The biblical authors present slightly different representations of David’s immediate family: he was either Jesse’s seventh son, or his eighth (1 Chronicles 2:13–14, 1 Samuel 16:10–11). Scholars debate whether this represents a contradiction or if one of David’s brothers was simply omitted, but that’s not the point. David was not the firstborn son—a privileged position in Judaism—and the authors were intent on working in the number seven, associating David with holiness and God’s perfect plan for his people.
4. David was from Bethlehem
Today, most people associate the little town of Bethlehem with the birth of Jesus. But centuries before Jesus, another savior came from this unassuming town. The Gospel of Luke refers to Bethlehem as “the town of David” (Luke 2:4), because it was well-known that this was David’s old stomping grounds, and it was where Samuel anointed him king of God’s people.
While modern readers tend to focus on Jesus’ birth in a manger, it’s important to consider the implications that this manger was in Bethlehem—a town the Jewish people associated with one of the biggest announcements in their history, where their most important king had his humble beginnings.
5. David was God’s “anointed one”
Most people have heard Jesus described as the messiah. But he wasn’t the only person to hold this title. In the Bible, “anointed one” and “messiah” are synonymous. God’s anointed one was the person he chose to lead and save his people. When the Israelites wanted a human king, the prophet , Samuel, anointed Saul to show that God had set him apart for this special role:
“Then Samuel took a flask of olive oil and poured it on Saul’s head and kissed him, saying, ‘Has not the Lord anointed you ruler over his inheritance?’ —1 Samuel 10:1
Years later, when Saul disobeyed God, God rejected him as king (1 Samuel 15:26). And it was time for God to choose someone else. So he sent Samuel to Jesse of Bethlehem, telling him “I have chosen one of his sons to be king” (1 Samuel 16:1).
Samuel thought he would know whom God had chosen by their appearance, and assumed the oldest, Eliab, was clearly the chosen one:
“When they arrived, Samuel saw Eliab and thought, ‘Surely the Lord’s anointed stands here before the Lord.’” —1 Samuel 16:6
But God told Samuel that he doesn’t use the same factors as people when it comes to choosing kings:
“‘Do not consider his appearance or his height, for I have rejected him. The Lord does not look at the things people look at. People look at the outward appearance, but the Lord looks at the heart.’” —1 Samuel 16:7
Earlier, Samuel had prophesied to Saul, “the Lord has sought out a man after his own heart and appointed him ruler of his people, because you have not kept the Lord’s command” (1 Samuel 13:14). And when Samuel laid eyes upon Jesse’s youngest son, the shepherd, David, the Lord said, “Rise and anoint him; this is the one.”
When Samuel anointed David, it didn’t instantly make him king, but it did signal that he was the Lord’s chosen one, and “from that day on the Spirit of the Lord came powerfully upon David” (1 Samuel 16:13).
6. David was a shepherd
Before he was a king, David was a shepherd.

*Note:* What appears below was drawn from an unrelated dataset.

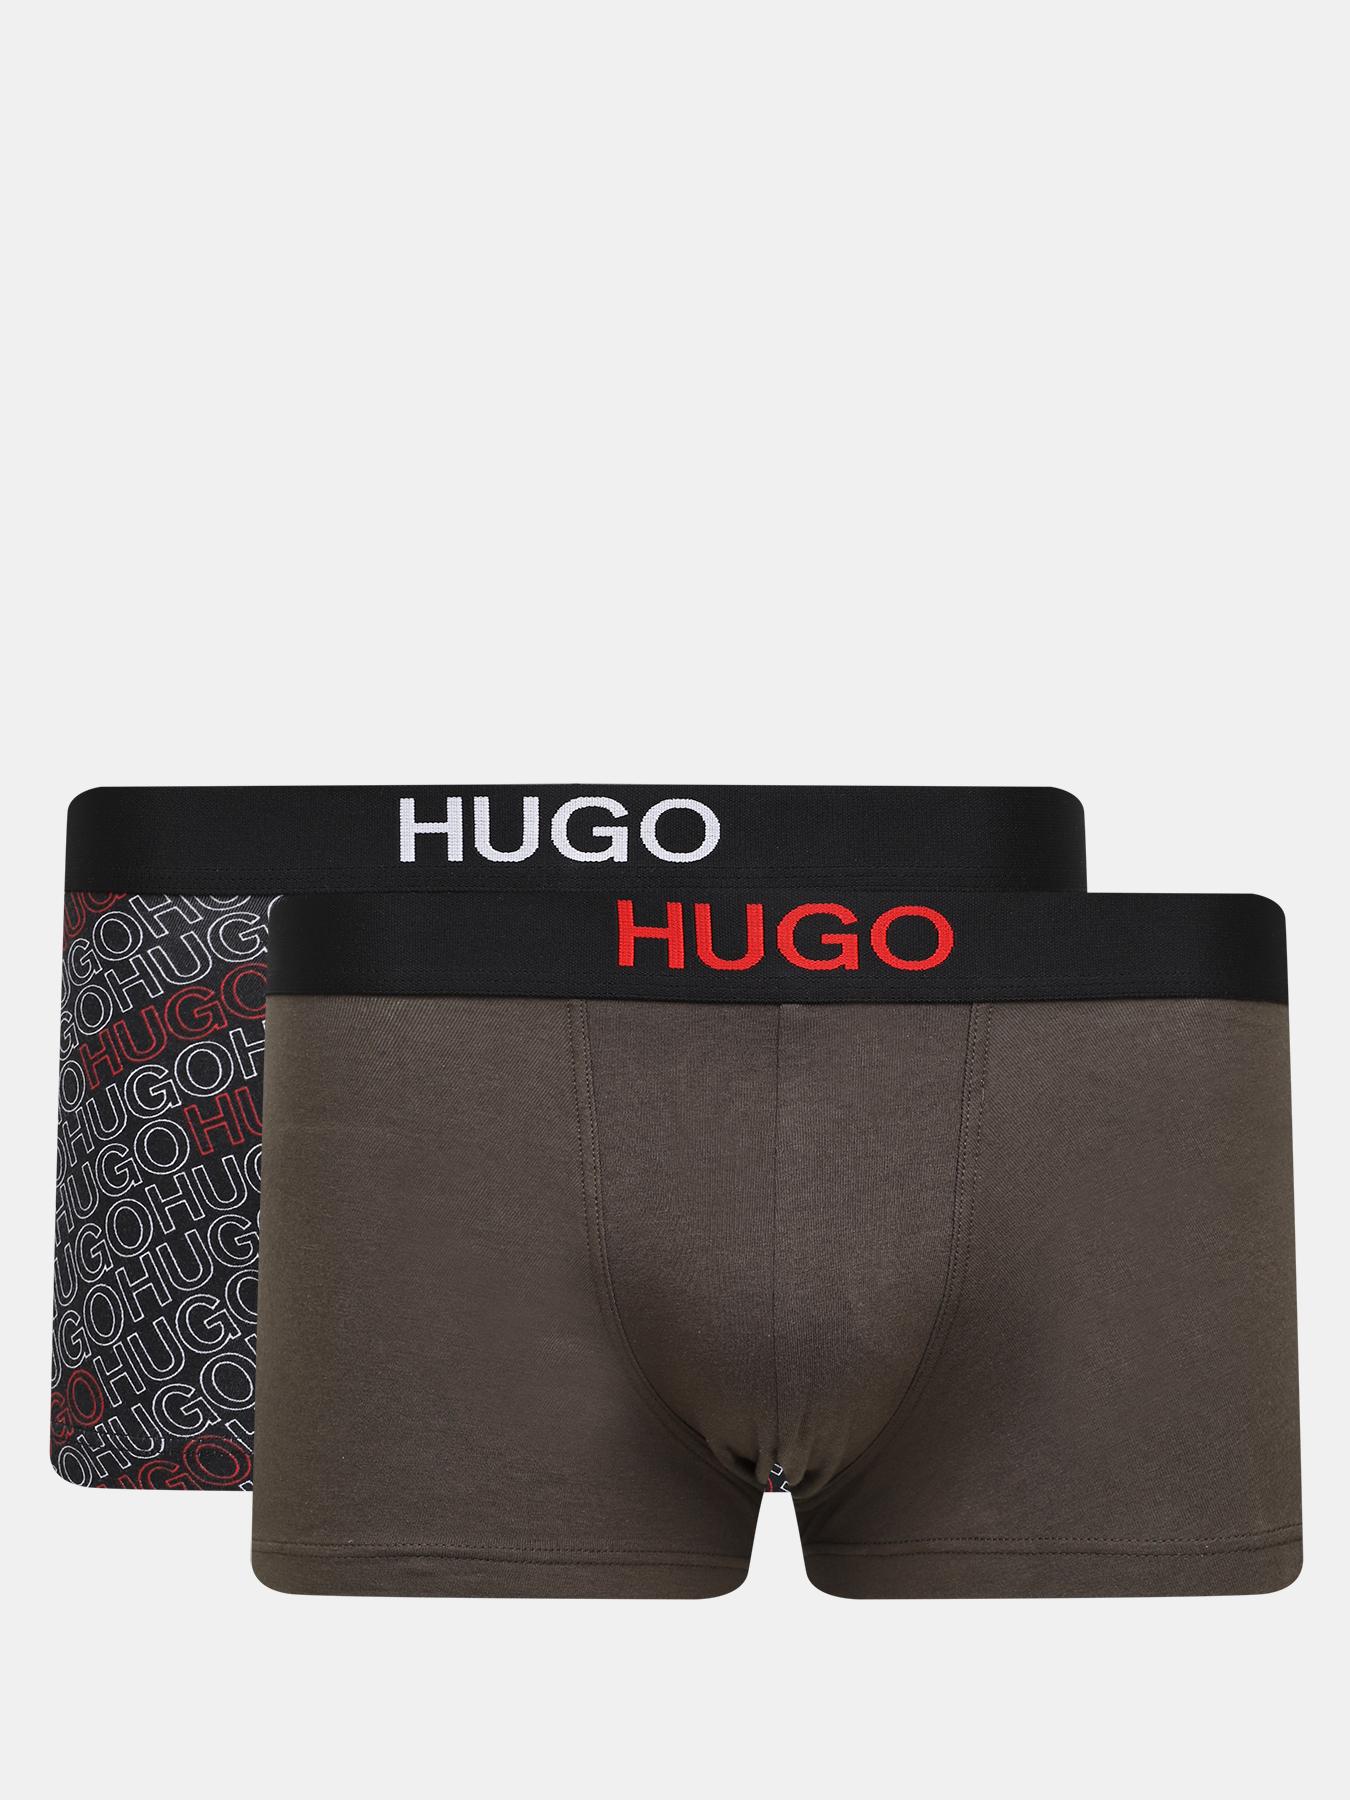 Фото - Комплекты HUGO Боксеры TRUNK BROTHER PACK (2 шт) трусы hugo мужские боксеры trunk brother 2 шт

This was why he wasn’t with his brothers when Samuel came to anoint the next king (1 Samuel 16:11). And when the Philistines (and Goliath) invaded, David was torn between his duties as Saul’s musician and his responsibilities for tending his father’s sheep (1 Samuel 17:15).
As a shepherd, David didn’t merely feed and lead his father’s sheep. While a shepherd may seem like an inconsequential position, it was still dangerous. David killed bears and lions alike to defend his father’s sheep. In fact, David cites his experience as a shepherd to convince Saul why he can defeat Goliath:
“Your servant has been keeping his father’s sheep. When a lion or a bear came and carried off a sheep from the flock, I went after it, struck it and rescued the sheep from its mouth. When it turned on me, I seized it by its hair, struck it and killed it. Your servant has killed both the lion and the bear; this uncircumcised Philistine will be like one of them, because he has defied the armies of the living God. The Lord who rescued me from the paw of the lion and the paw of the bear will rescue me from the hand of this Philistine.” —1 Samuel 17:34–37
In his confrontation with Goliath, David would care for Yahweh’s flock—the people of Israel—and once again defend “his father’s sheep” from harm. This time, the Lord would rescue him from a foe that Saul and his entire army were terrified of (1 Samuel 17:11).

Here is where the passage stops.